Here it is sample of the time where the issue was happening:
The black line represents the Average Disk Queue Length that goes from zero to 26 (maximum should be 2 per spindle - in this case we just have 1 spindle) and got stuck there from 1:36PM to 1:39PM. During the same time we see the ISA Server Firewall Packet Engine\Backlogged Packets goes from zero to 113 (maximum should never be higher than 10). The logic here is the following:
1. ISA is trying to query a firewall log located on the SQL (MSDE in this case) database. ISA is waiting on SQL.

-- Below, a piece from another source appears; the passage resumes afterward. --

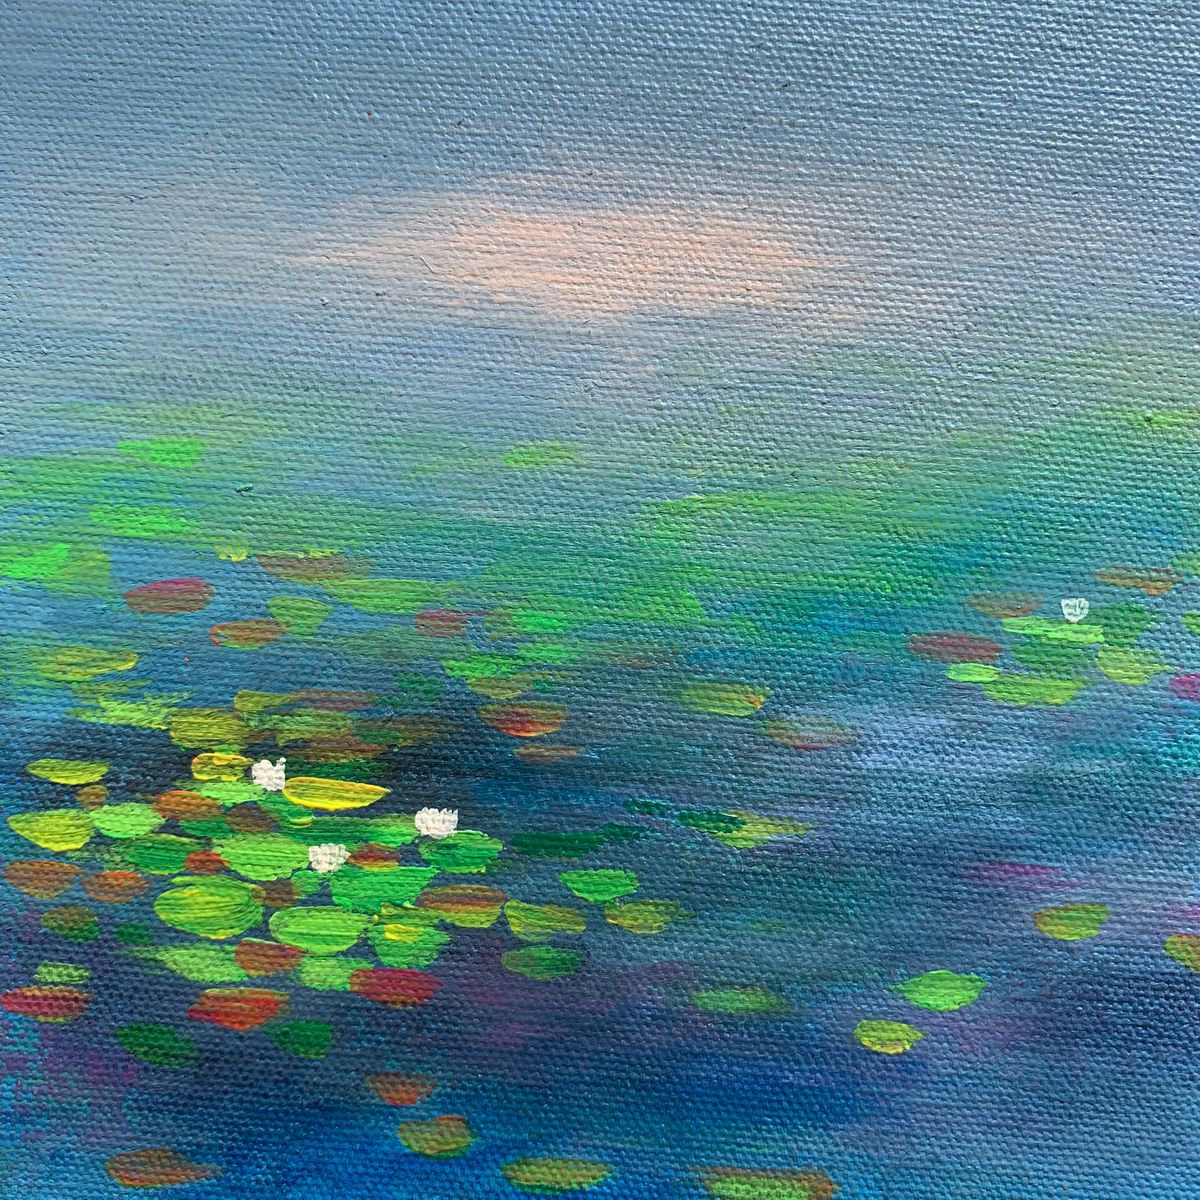 Midnight lilies! Miniature painting by Amita Dand

2. SQL is performing a reading operation for a piece of information located in disk. SQL is waiting on Disk.
3. Disk is having bottleneck and it is queuing up requests.
4. Since ISA can’t proceed (since is waiting on disk), ISA starts to accumulate requests (backlog starts to grow). ISA stop answering new requests.
5. Clients can’t browse.
You might be thinking, but this is only for 3 minutes, I can live with that. Really? I doubt your helpdesk will not overflow of calls if nobody can browse Internet for 3 minutes.
4. Conclusion
I hope this post gives you a big picture of what goes behind an ISA (or TMG) performance issue in scenarios where ISA/TMG stops responding. There are much more elements that needs to be investigated other than ISA/TMG itself.